#281 Figure out comprehensive strategy for atomic host container storage
Closed: Fixed 6 years ago Opened 6 years ago by dustymabe.

We have system containers storing things in /var/lib/containers/storage. We have docker/moby containers storing things in /var/lib/docker. We might move to overlay2 on a single big root partition in the future, we might not.

We have discussed these topics in a few maililng list threads [1] [2] and also ran out of storage on atomic host before [3].

Let's incorporate the good info from those discussions and put some thought into this and try to figure out a proper strategy going forward.


Metadata Update from @dustymabe:
- Issue tagged with: F27

6 years ago

Following from that thread the proposal from colin is that we move to one big / with overlayfs by default for our cloud/vagrant images with all space being taken by the root filesystme by default . This is something we had talked about in the past, but we have not formally made this proposal until now. Pending negative feedback in the f26 timeframe, I'm +1 to this.

The other part of this puzzle is making sure that all container storage can be mounted on another block device/filesystem easily.

So proposal is:

  • 1 large filesystem by default
  • Ability to easily move container storage to another filesystem on system setup.

I'm going to do some work on this; though we're blocked a bit in testing by rawhide issues.

Metadata Update from @dustymabe:
- Issue tagged with: host

6 years ago

I tested the 20170615.n.0 FAH iso; it looks like we'll need this:

diff --git a/docker.spec b/docker.spec
index b654082..b170151 100644
--- a/docker.spec
+++ b/docker.spec
@@ -569,10 +569,14 @@ echo 'STORAGE_DRIVER=overlay2' >> %{repo}-storage-setup-workstation
 ln -s %{repo}-storage-setup-workstation %{repo}-storage-setup-cloud
 # create server override config
 ln -s %{repo}-storage-setup-workstation %{repo}-storage-setup-server
-# create atomic override config
+# create atomic override config; see https://pagure.io/atomic-wg/issue/281
+%if 0%{?fedora} >= 27
+ln -s %{repo}-storage-setup-workstation %{repo}-storage-setup-atomichost
+%else
 cp %{repo}-storage-setup-server %{repo}-storage-setup-atomichost
 echo 'CONTAINER_ROOT_LV_NAME=docker-root-lv' >> %{repo}-storage-setup-atomichost
 echo 'CONTAINER_ROOT_LV_MOUNT_PATH=/var/lib/docker' >> %{repo}-storage-setup-atomichost
+%endif #atomichost
 %endif # custom_storage
 popd

Basically all the editions become the same thing. Seem sane?

seems sane to me - i asked @dwalsh and @vgoyal to weigh in - also i'll bring this up in the next meeting we have.
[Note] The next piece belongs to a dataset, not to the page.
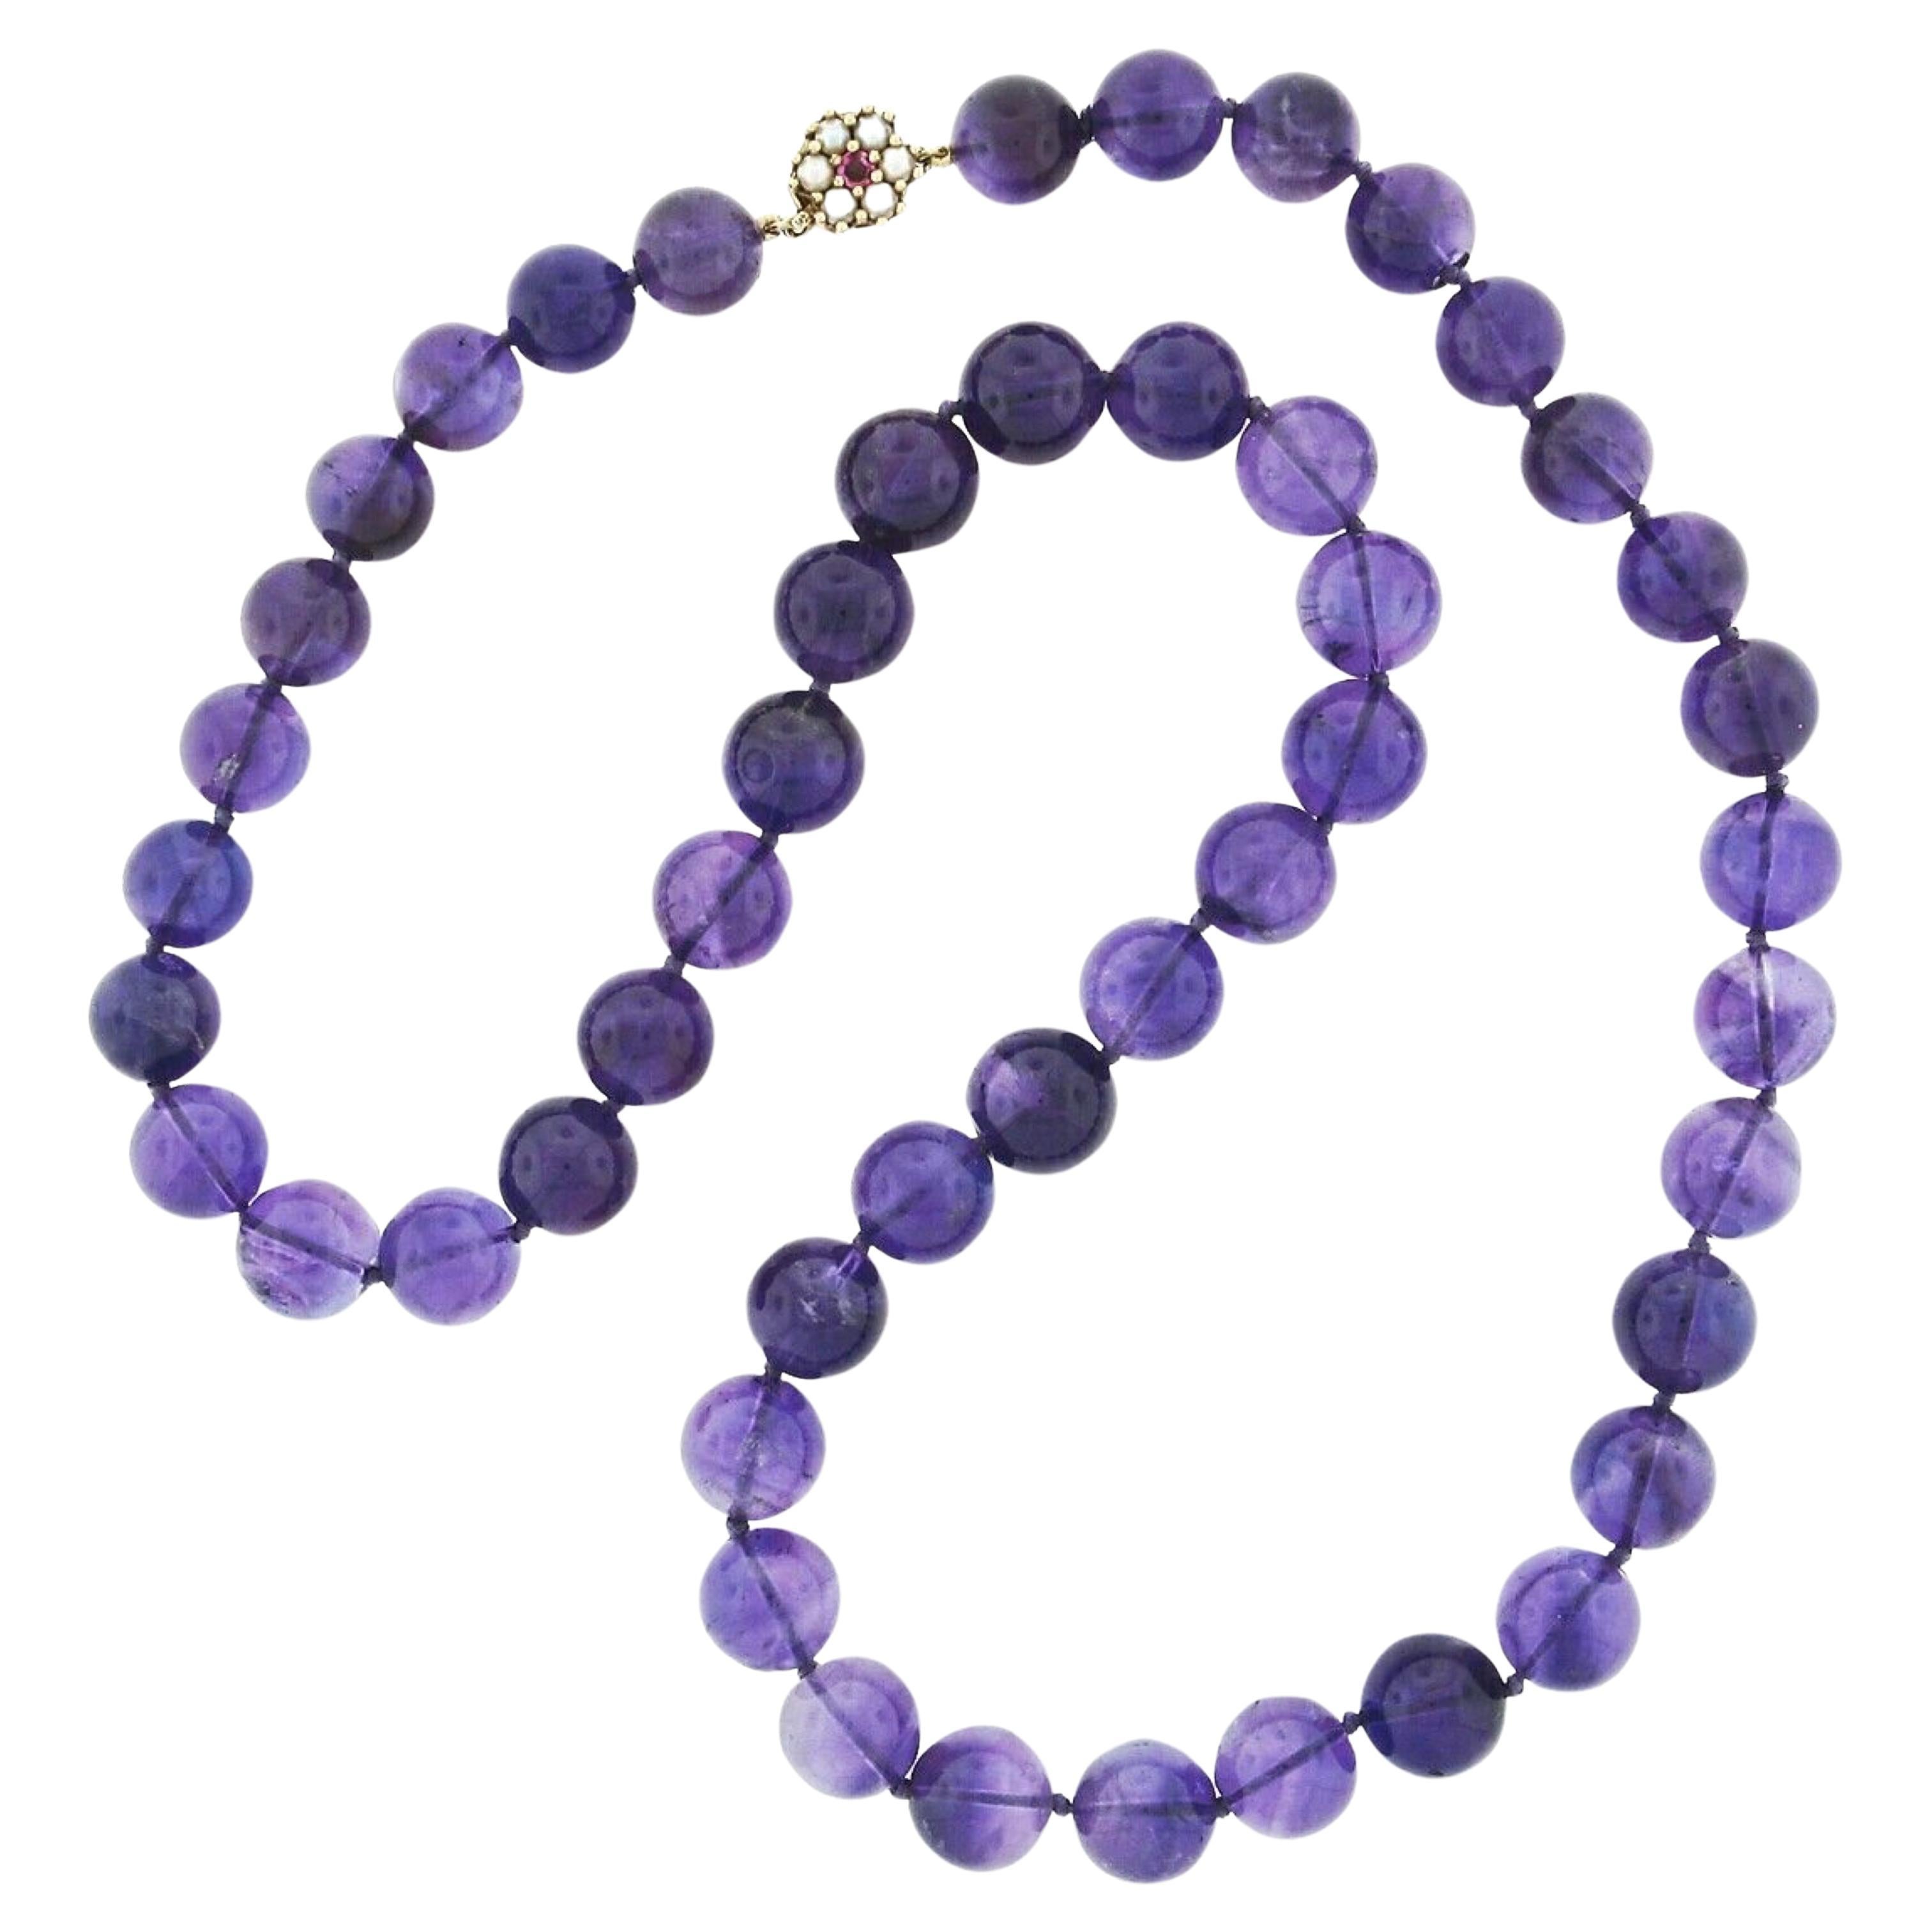 505ctw Round Bead Amethyst Strand Necklace W/ 14k Gold Pearl Ruby Clasp

Metadata Update from @dustymabe:
- Issue tagged with: meeting

6 years ago

So this relies on that fact that atomic users will not use devicemapper graph driver. If they really need to use devicemapper, they will need to add additional disk. (Which requires extra effort and planning).

So has this been established that overlayfs is working well for container workload and most of the users don't have the need to go back to devicemapper.

In F26, we wanted to retain capability to easily go back to devicemapper if things don't work out well with overlayfs. Given F26 is not GA, I guess we don't even have that data to make a decision?

@vgoyal: Not quite; the AH storage is the same as Server, we only use up to 15G. For real baremetal machines, they'll have larger disks, and hence there will be reserved space in the VG.

For cloud images, it's up to the operator; they can use cloud functionality to expand the root disk, or they can allocate a separate disk.

I think I am missing something. So rootfs which used to be 3G by default will now be 15G by default.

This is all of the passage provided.